Les activités de délimitation et de démarcation participatives sont en cours mais bénéficient de moyens très limités. Des structures de gestion participatives sont en place et un processus de signature de contrats de convergence avec les communautés locales est en cours. Par ailleurs, un programme de sensibilisation des braconniers et occupants illégaux du parc a été mis en place. Cette activité demeure complexe et nécessitera certainement un travail de longue haleine.

e) Concevoir et mettre en œuvre une stratégie pour minimiser et atténuer les impacts des villages situés dans le bien

Cette activité n’a pas encore démarrée mais est prévue dans le plan stratégique triennal 2009-2011 du bien.

f) Dans le cadre de l’élaboration du plan d’aménagement du bien, créer un couloir écologique entre les deux secteurs du bien ;

Le processus de création a été initié mais nécessitera des consultations intensives avec les différentes parties prenantes. Les consultations avec les populations et les études préliminaires ont déjà été réalisées.

g) Créer un fonds spécial pour la réhabilitation des biens du patrimoine mondial de la République démocratique du Congo (RDC)

Voir le rapport sur le Parc National des Virunga (Document WHC-09/33.COM/7A).

 

Le Centre du patrimoine mondial et l’UICN ont pris note des progrès réalisés mais s’inquiètent cependant des retards accumulés dans la mise en œuvre des mesures correctives, et en particulier celles sur la sécurisation du bien et l’arrêt du braconnage organisé. Dans le cas du Parc National de la Salonga, qui se trouve hors de la zone de conflit armé, l’insécurité est directement liée à la présence de bandes de braconniers professionnels et la restauration de la sécurité constitue sans conteste un préalable à l’amélioration de l’état de conservation du bien. Cette amélioration devrait par ailleurs également bénéficier aux populations locales. Le règlement de la question des villages qui s’y trouvent dans le bien et de l’utilisation non durable des ressources du parc ne pourra être traité que lorsque le bien aura été sécurisé.

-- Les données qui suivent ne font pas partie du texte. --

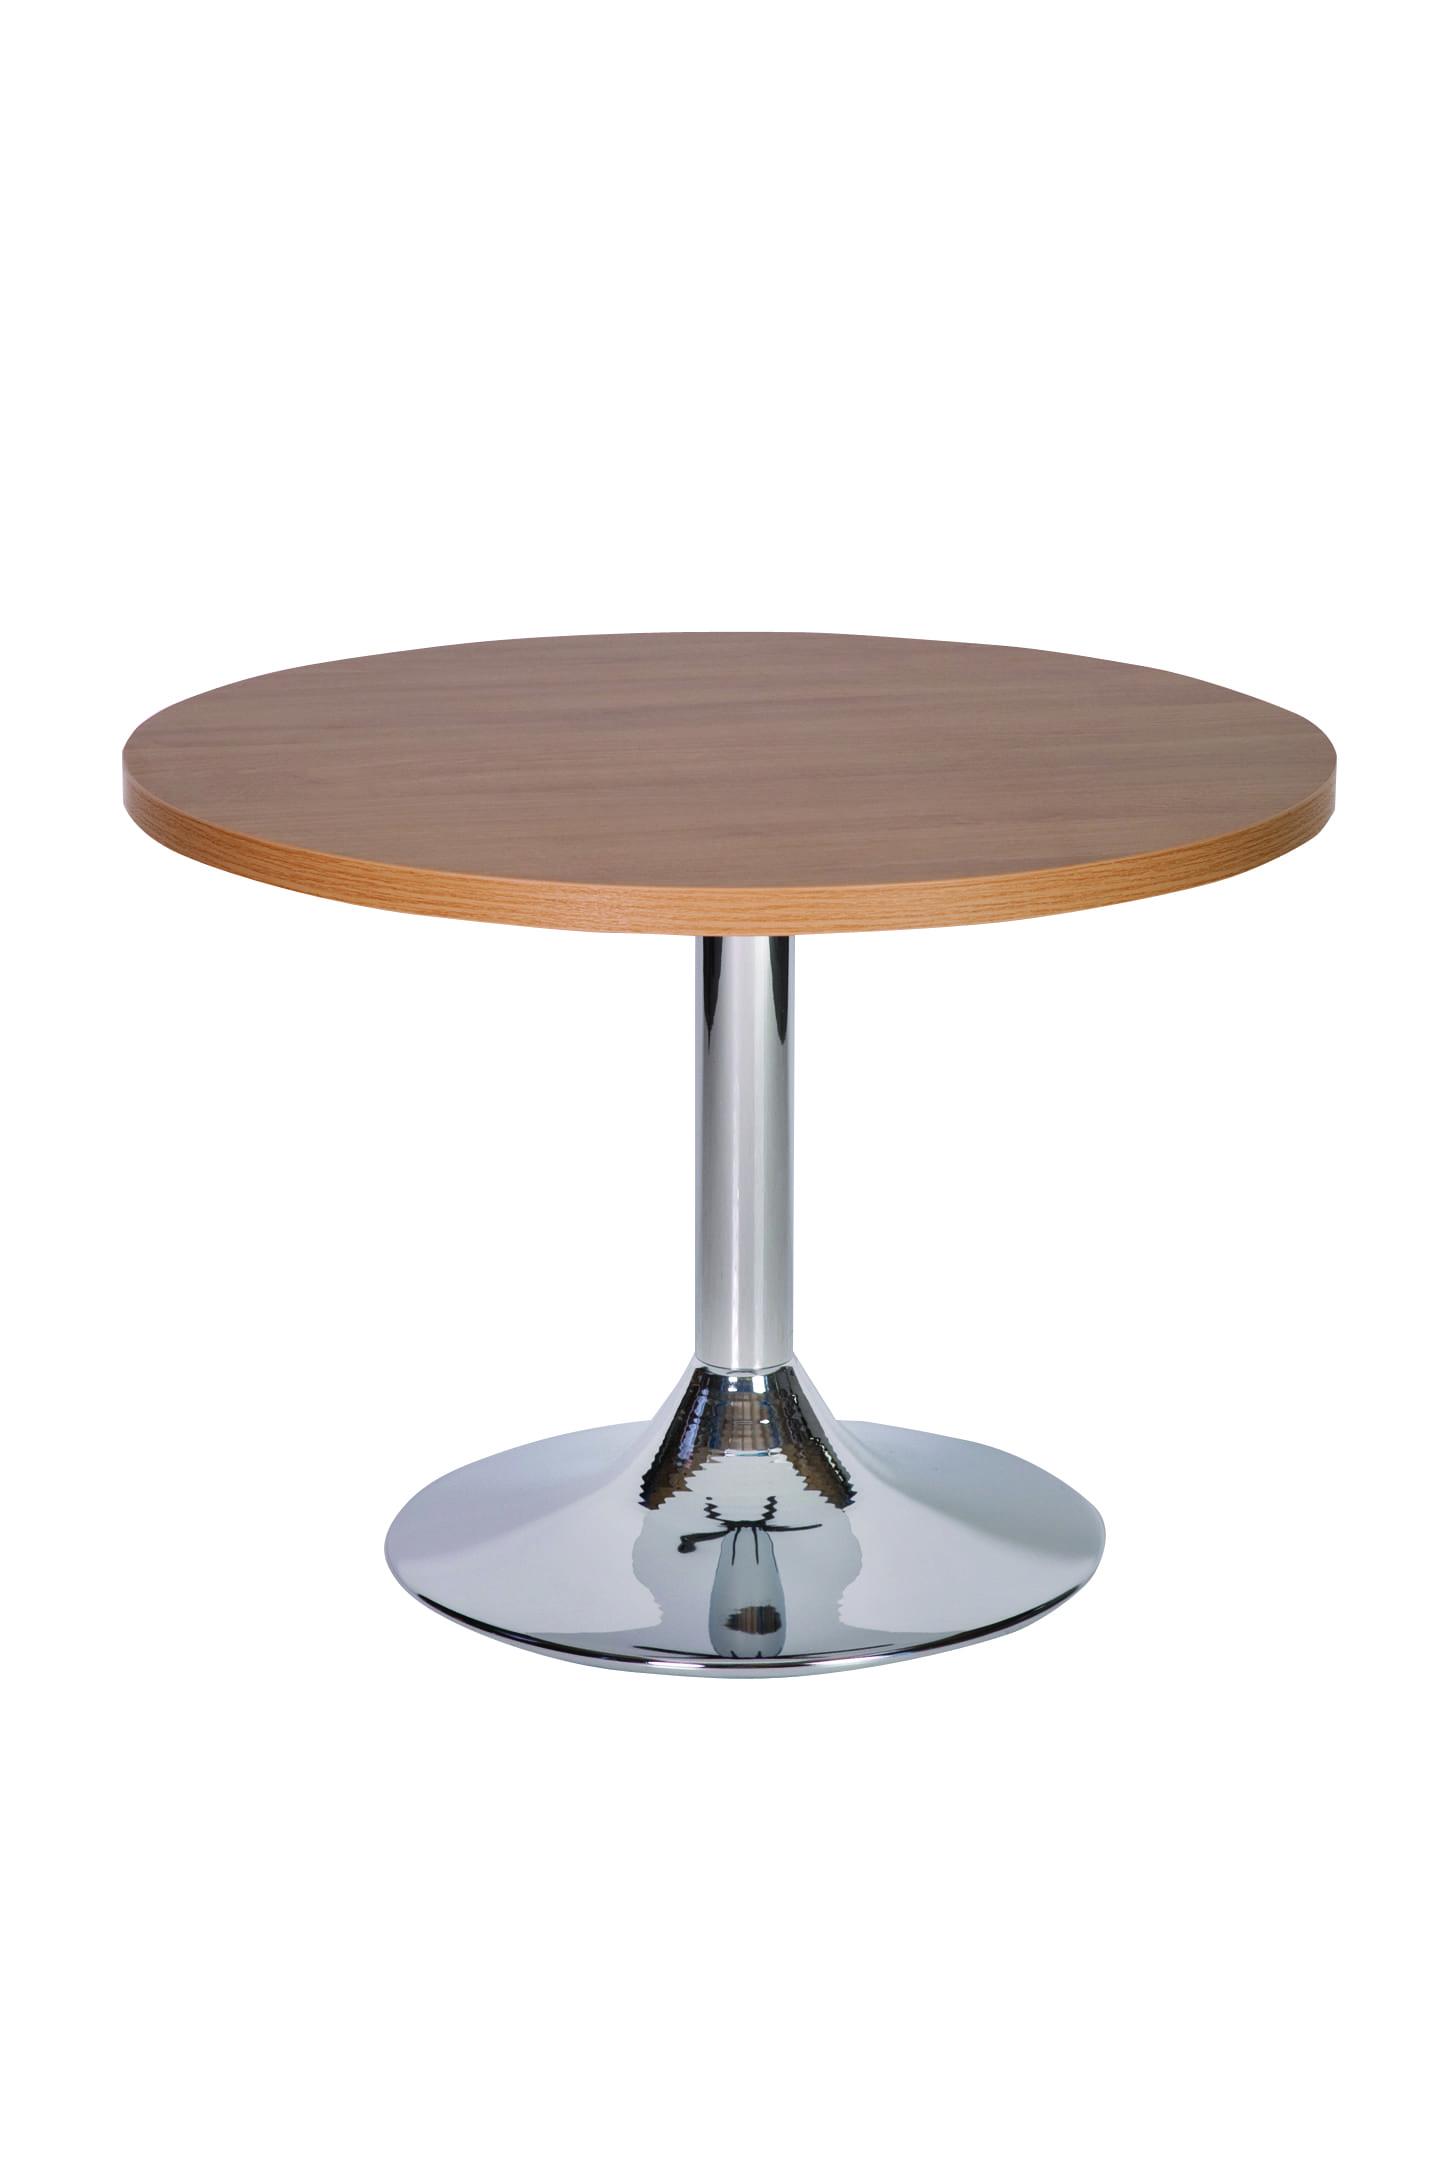 Large Ramizon Round Chrome Table With Laminate Tops - Coffee

Depuis la 31e session, le bien est soumis au mécanisme de suivi renforcé et le Centre du patrimoine mondial assure un suivi permanent de l’état de conservation du bien à trabers son « programme de la RDC ». Vu la situation actuelle dans le bien, le Centre du patrimoine mondial et l’UICN recommendent de continuer à appliquer au bien le mécanisme de suivi renforcé.

Analyse et conclusions du Centre du patrimoine mondial et de l’UICN

Néant

Décision adoptée: 33 COM 7A.31

Le Comité du patrimoine mondial,

1. Ayant examiné le document WHC-09/33.COM/7A,

2. Rappelant la décision 32 COM 7A.31, adoptée à sa 32e session (Québec, 2008),

3. Regrette que l'État partie n'ait pas encore proposé de nouvelle date pour la réunion de haut niveau demandée par le Comité du patrimoine mondial à sa 31e session (Christchurch, 2007) et prie instamment l'État partie d'arrêter une date pour cette réunion dès que possible en consultation avec le bureau du Directeur général de l'UNESCO, le Président du Comité du patrimoine mondial et le Président de l'UICN ;

4. Accueille avec satisfaction l'engagement continu de la MONUC à élaborer un protocole d'accord avec l'autorité en charge des zones protégées, afin d'améliorer la coopération pour la conservation des biens et prie également l'État partie de donner suite à cette proposition, en coopération avec le Centre du patrimoine mondial et l'UICN ;

5. Réitère sa demande à l'État partie d'adopter une approche globale impliquant les différents ministères compétents pour traiter les menaces urgentes qui pèsent sur les cinq biens du patrimoine mondial situés en République démocratique du Congo, en particulier en ce qui concerne les problèmes non résolus à savoir l'annulation des concessions d'exploration et exploitation minières et pétrolières, le transfert du camp militaire de Nyaleke et les mesures requises pour traiter l'occupation illégale du corridor de Kahuzi-Biega ;

6. Rappelle également sa demande à l'État partie et à la communauté internationale de renforcer la sensibilisation internationale et de promouvoir la mise en oeuvre des recommandations du Comité du patrimoine mondial, et en particulier les mesures correctives proposées.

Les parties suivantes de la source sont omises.